Entre un viejo y acaso olvidado bolero –La puerta se cerró detrás
ti/ y nunca más volviste a aparecer–, que cantaba Lucho Gatica, hasta un
jacarandoso son, también pasto de la desmemoria –Ábreme la puerta mi
negra/ que me estoy mojando–, entonado por murguistas y guaracheros de
origen diverso, pasando por una sentimental balada interpretada por
Gigliola Cinquetti –Alle porte del sole/ Al confine del mare–,
el cancionero popular abunda en alusiones a puertas que se abren o
cierran a la alegría y la tristeza. Existen puertas por la que muchos
entran, mondos, orondos, redondos y lirondos, cantando victoria, y salen
derrotados con el rabo entre las piernas. Hay ejemplos que nos atañen.

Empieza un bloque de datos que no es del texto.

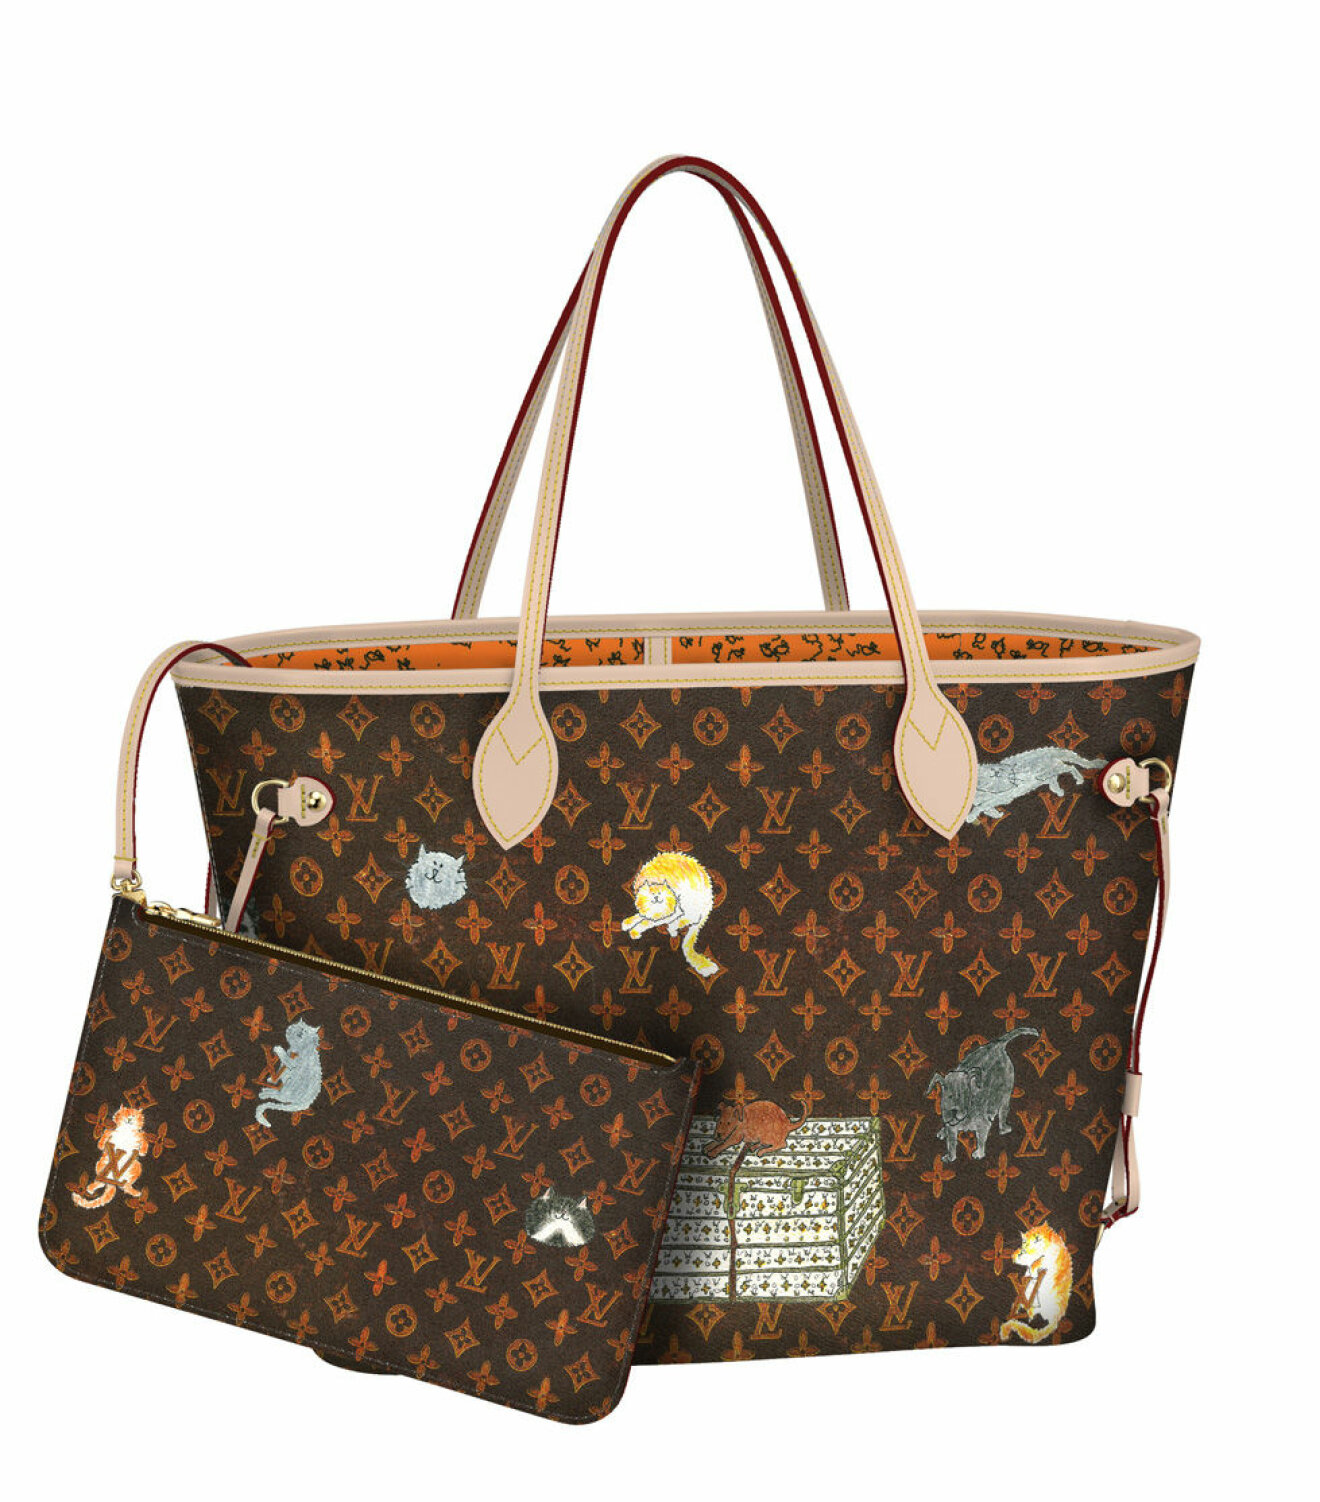 Louis Vuitton x Grace Coddington tote bag

Chávez prometió abrirnos las puertas del edén para que nadásemos en el
mar de la felicidad y nos guió a las del averno para que zozobrásemos en
las aguas de la penuria. Tenía que ser así: había pactado con un
demonio caribeño. El diablillo rojo que le sucedió continúa empedrando
con aviesos propósitos, camuflados de buenas intenciones, el fatídico
sendero por el que marchamos, almas que lleva mandinga, hacia el
despeñadero de la indigencia. Cerremos a cal y canto las puertas del
ayer y abramos de par en par las del mañana para lavarnos las manos sin
echar en saco roto, y Milan Kundera mediante, que «la lucha del hombre
contra el poder es la lucha de la memoria contra el olvido».